As a worse case, if a dir gets inum=0 and a user creates several files
under it, then the leaked memory will increase since a user cannot see
the name of all files under the dir whose inum=0, regardless the inum of
the children.

There is another unpleasant effect when get_next_ino() wraps
around. When there is a file whose inum=100 on tmpfs, a new file may get
inum=100. I am not sure what will happen when the duplicated inums exist
on tmpfs. Anyway this is not a issue in get_next_ino(). It should be
fixed in mm/shmem.c if it is really necessary.

Signed-off-by: J. R. Okajima <hooanon05g@gmail.com>
---
 fs/inode.c |    6 +++++-
 1 file changed, 5 insertions(+), 1 deletion(-)

diff --git a/fs/inode.c b/fs/inode.c
index f96d2a6..a3e274a 100644
--- a/fs/inode.c
+++ b/fs/inode.c
@@ -848,7 +848,11 @@ unsigned int get_next_ino(void)
 	}
 #endif

-	*p = ++res;
+	res++;
+	/* never zero */
+	if (unlikely(!res))
+		res++;
+	*p = res;
 	put_cpu_var(last_ino);
 	return res;
 }
-- 
1.7.10.4

^ permalink raw reply related	[flat|nested] 9+ messages in thread

* Re: [PATCH] vfs: get_next_ino(), never inum=0
  2014-04-29 15:45 [PATCH] vfs: get_next_ino(), never inum=0 hooanon05g
@ 2014-04-29 17:42 ` J. R. Okajima
  2014-04-29 17:53   ` Christoph Hellwig
  2014-08-18 18:21 ` [PATCH v2] " Carlos Maiolino
  1 sibling, 1 reply; 9+ messages in thread
From: J. R. Okajima @ 2014-04-29 17:42 UTC (permalink / raw)
  To: hch, dchinner, viro, linux-fsdevel


> There is another unpleasant effect when get_next_ino() wraps
> around. When there is a file whose inum=100 on tmpfs, a new file may get
> inum=100. I am not sure what will happen when the duplicated inums exist
> on tmpfs. ...

Undeterministic behaviour when exporting via NFS?


J. R. Okajima

^ permalink raw reply	[flat|nested] 9+ messages in thread

* Re: [PATCH] vfs: get_next_ino(), never inum=0
  2014-04-29 17:42 ` J. R. Okajima
@ 2014-04-29 17:53   ` Christoph Hellwig
  2014-04-30  4:08     ` J. R. Okajima
  0 siblings, 1 reply; 9+ messages in thread
From: Christoph Hellwig @ 2014-04-29 17:53 UTC (permalink / raw)
  To: J. R. Okajima; +Cc: dchinner, viro, linux-fsdevel

On Wed, Apr 30, 2014 at 02:42:02AM +0900, J. R. Okajima wrote:
> 
> > There is another unpleasant effect when get_next_ino() wraps
> > around. When there is a file whose inum=100 on tmpfs, a new file may get
> > inum=100. I am not sure what will happen when the duplicated inums exist
> > on tmpfs. ...
> 
> Undeterministic behaviour when exporting via NFS?
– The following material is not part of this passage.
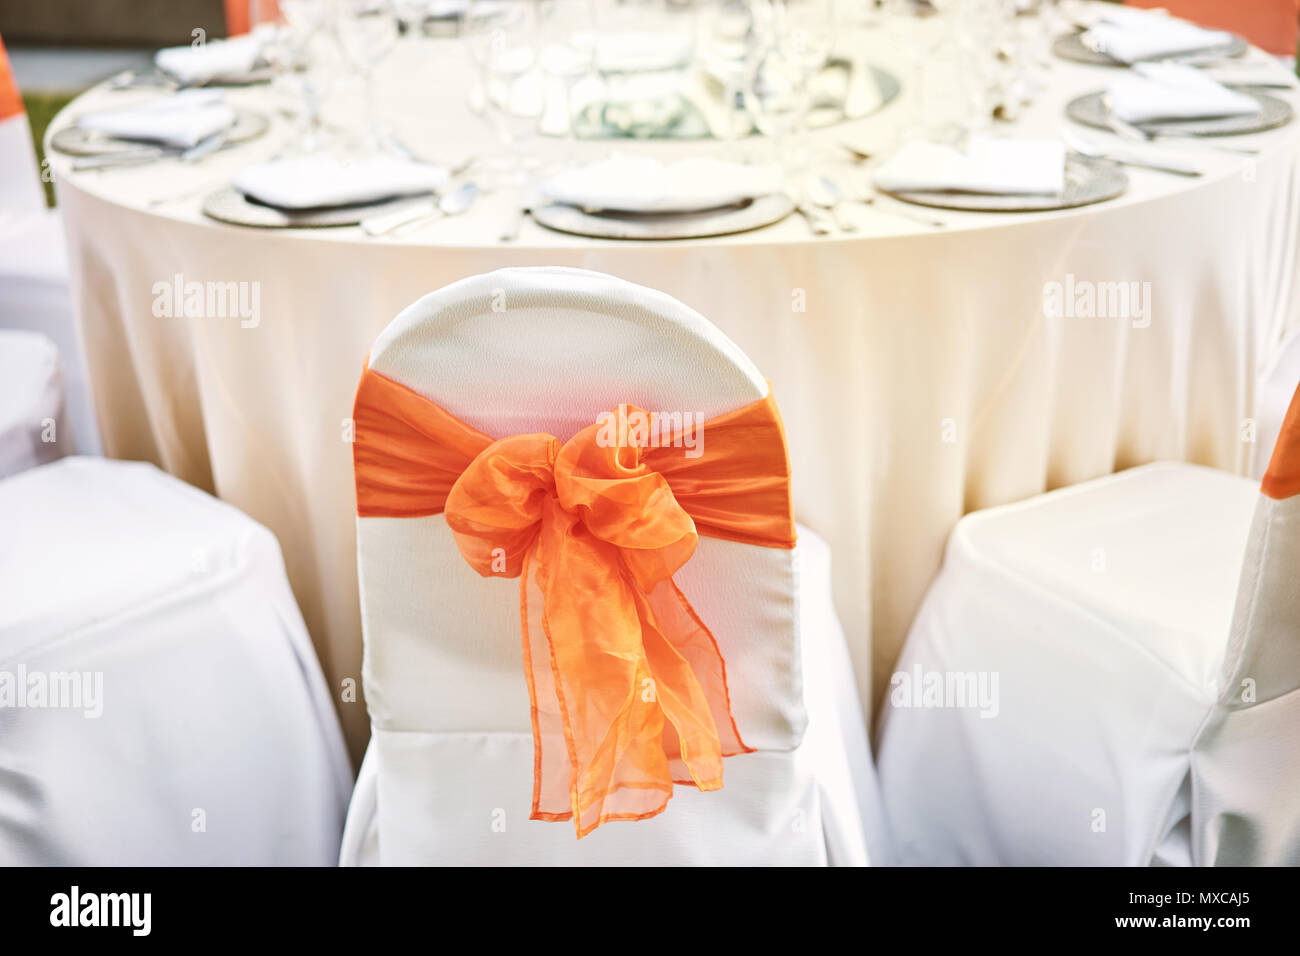 La recepción de la boda mesa con sillas de cubierta blanca de spandex con guillotina de organza naranja Foto de stock

If you care about really unique inode numbers you shouldn't use get_next_ino
but something like an idr allocator.  The default i_ino assigned in
new_inode() from which get_next_ino was factored out was mostly intended
for small synthetic filesystems with few enough inodes that it wouldn't
wrap around.

And yes, file handle based lookups are screwed by duplicated inode numbers,
as are tools trying to do file level de-duplication, mostly in the backup or
achival space.

^ permalink raw reply	[flat|nested] 9+ messages in thread

* Re: [PATCH] vfs: get_next_ino(), never inum=0
  2014-04-29 17:53   ` Christoph Hellwig
@ 2014-04-30  4:08     ` J. R. Okajima
  2014-04-30 22:56       ` Andreas Dilger
  0 siblings, 1 reply; 9+ messages in thread
From: J. R. Okajima @ 2014-04-30  4:08 UTC (permalink / raw)
  To: Christoph Hellwig; +Cc: dchinner, viro, linux-fsdevel


Christoph Hellwig:
> If you care about really unique inode numbers you shouldn't use get_next_ino
> but something like an idr allocator.  The default i_ino assigned in
> new_inode() from which get_next_ino was factored out was mostly intended
> for small synthetic filesystems with few enough inodes that it wouldn't
> wrap around.

Grep-ping get_next_ino, I got 30 calls in mainline.
How many of them are get_next_ino() inappropriate? I don't know. But at
least for tmpfs, it is better to manage the inums by itself since tmpfs
must be one of the biggest consumer of inums and it is NFS-exportable.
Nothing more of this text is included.